At the time of the disaster, most English football stadiums had high steel fencing between the spectators and the playing field in response to pitch invasions. Hooliganism had affected the sport for some years, and was particularly rife in England. From 1974, when these security standards were put in place, crushes occurred in several English stadiums.

This would all change with the Taylor enquiry and all seated stadia at the top level. For many in the lower leagues this wasn't an option but money was spent to try arrange for more seating and less terracing.

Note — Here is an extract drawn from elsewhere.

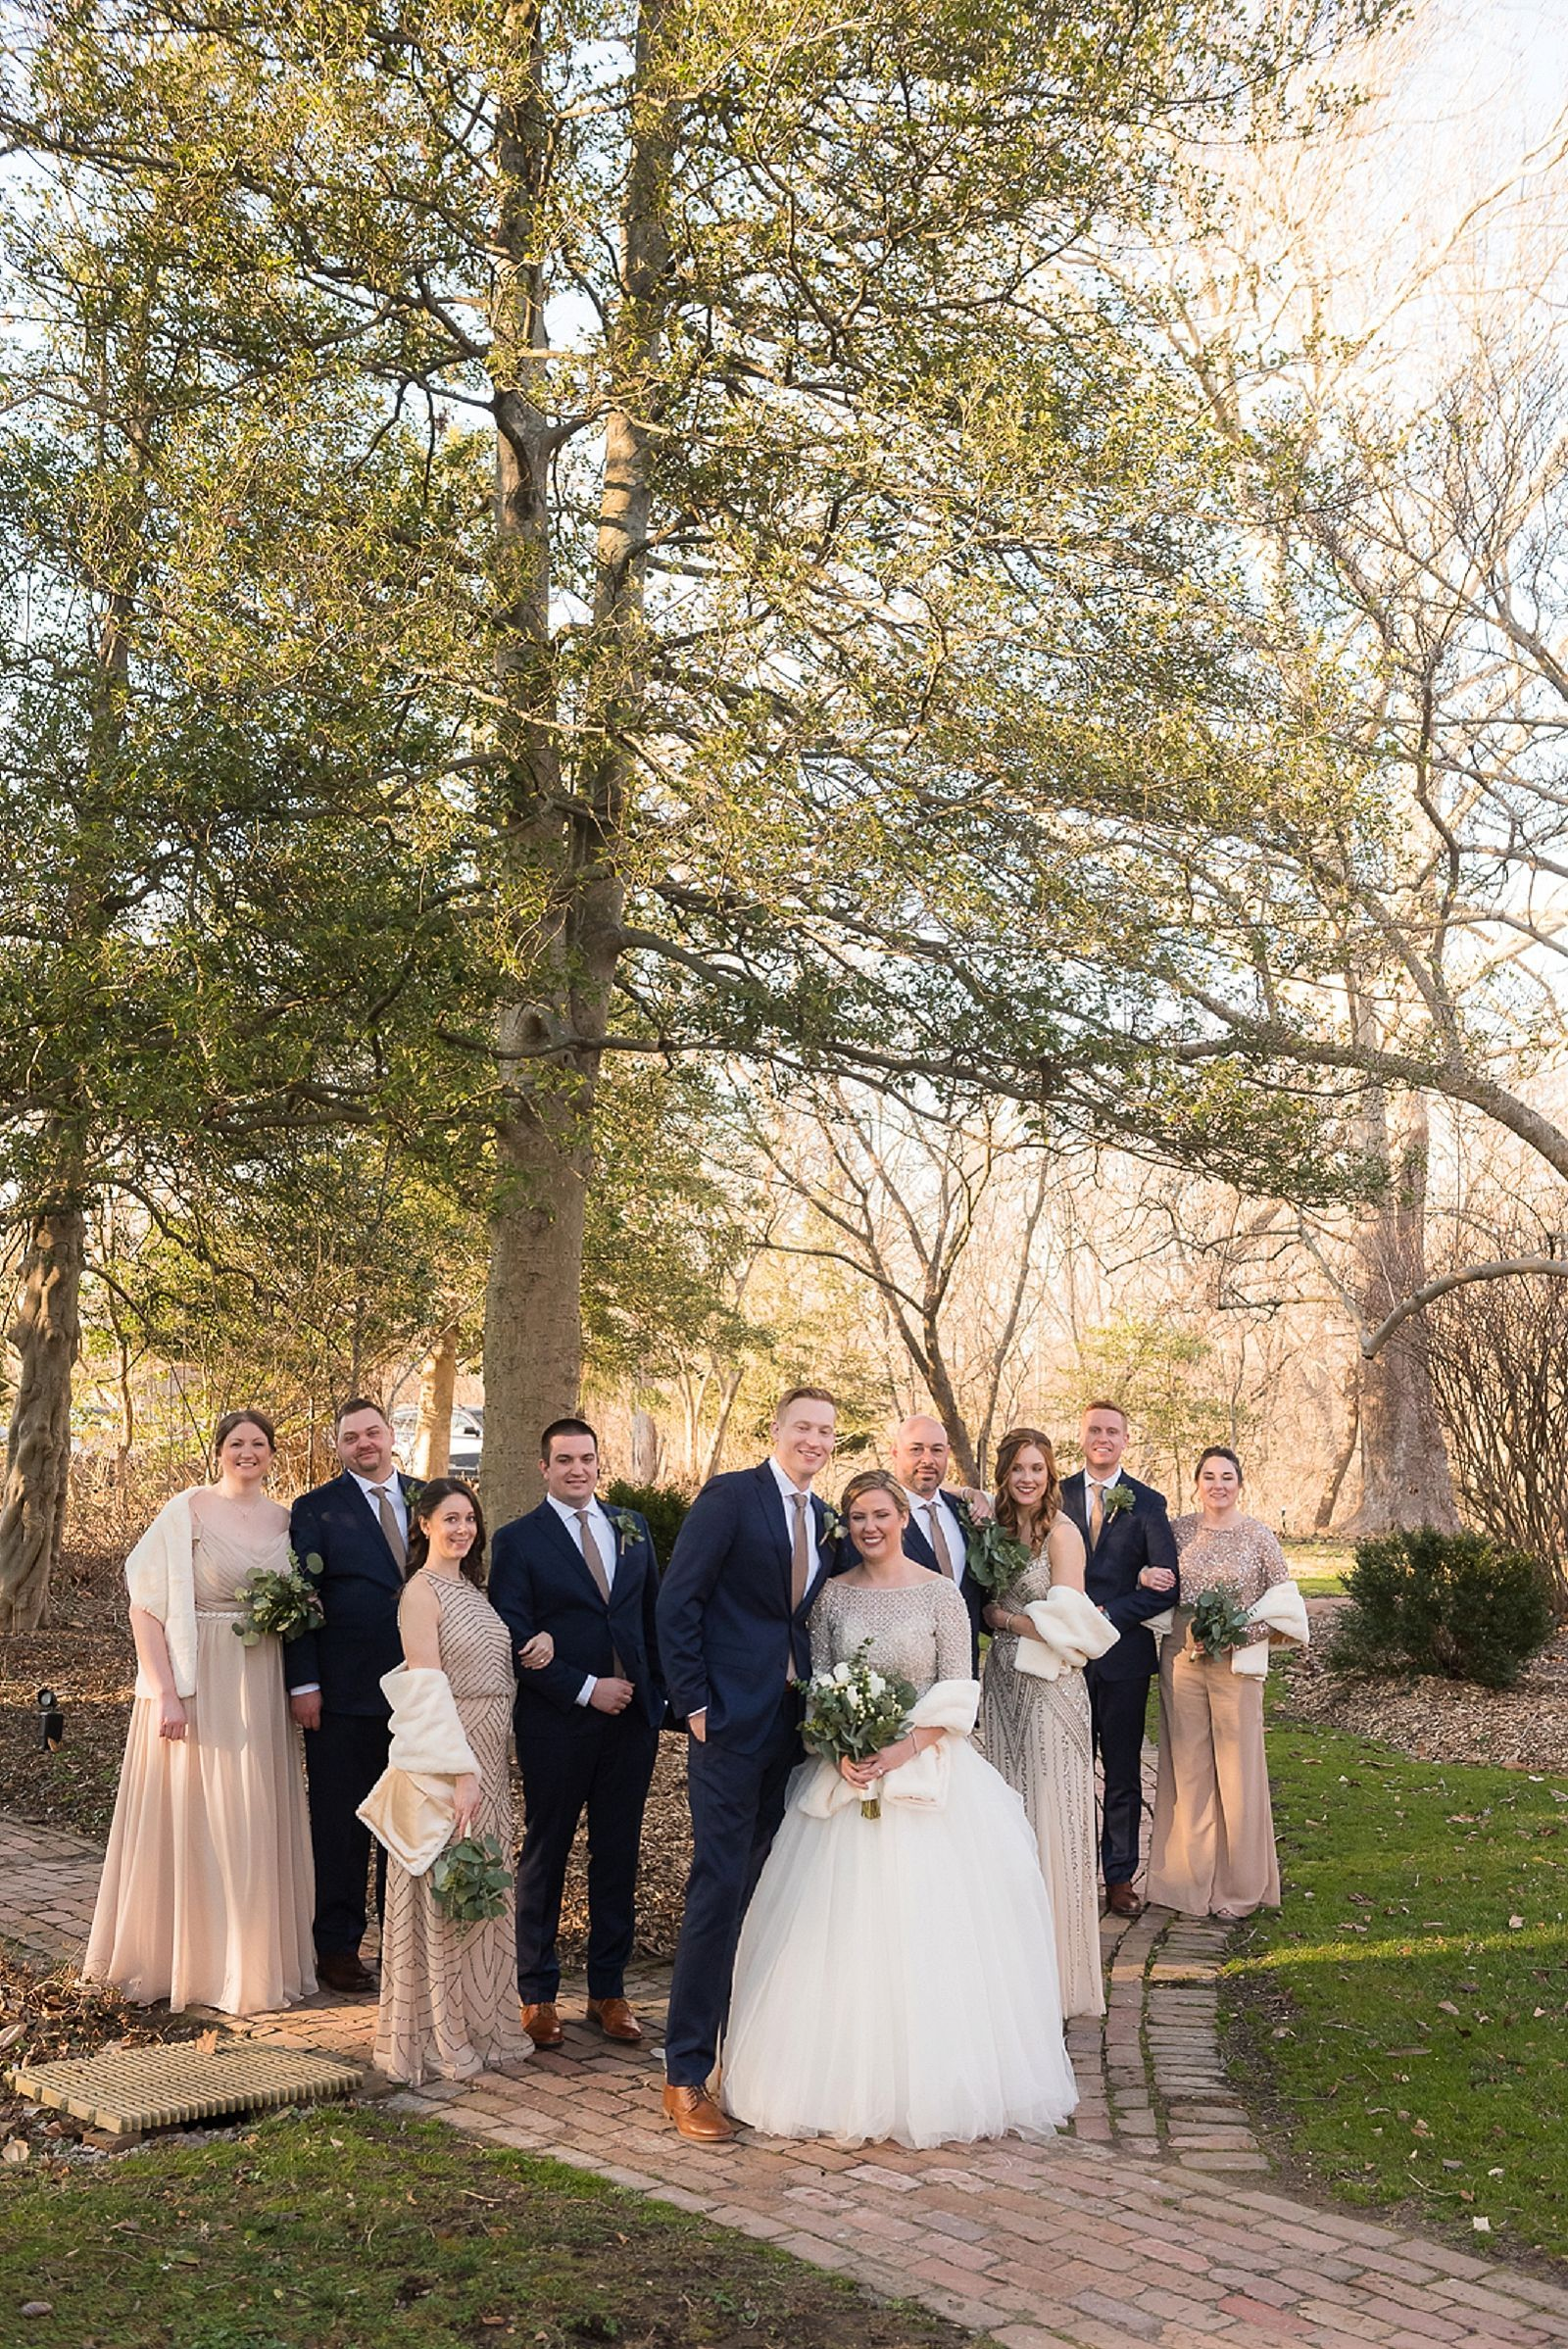 Warm Winter Wedding At The Elkridge Furnace Inn In 2020 Baltimore Wedding Baltimore Wedding Photographer Winter Wedding

In Ireland, Shelbourne would lead the way with the investment of Tony Donnelly's money and in the mid-nineties made something completely unheard of in League of Ireland all-seated stadium and others followed. Though conditions still lack at certain clubs...

Finn Harps will tell you the move to Stranorlar can't come soon enough , and both Tolka and Dalymount have had to close the Ballybough End and Tramway End respectively. But the move forward has been lead, eventually, by Rovers magnificent Tallaght Stadium, the all-seated Turners Cross, Waterford's RSC and revamped versions of the Brandywell, Oriel Park, Terryland and Sligo Rovers, which makes the chances of the following below ever less likely.

Seasoned war weary, battle hardened fans will tell you a move to all seated stadium has diluted the atmosphere at their grounds. The Shed at Cork was one of the last bastions of old school stands that created a great atmosphere at Turners Cross while the Shed at the Showgrounds in Sligo has been replaced with a superb facility at Rovers but many lament the loss of their shed.

We are now in unprecedented times. Times that might dictate that we have grounds with social distancing at a football match where we cant hug fans after a last minute goal?

What the future holds I'm not sure, but the days of hopping onto a roof and singing like a madman and dicing with death are, thankfully, well behind us.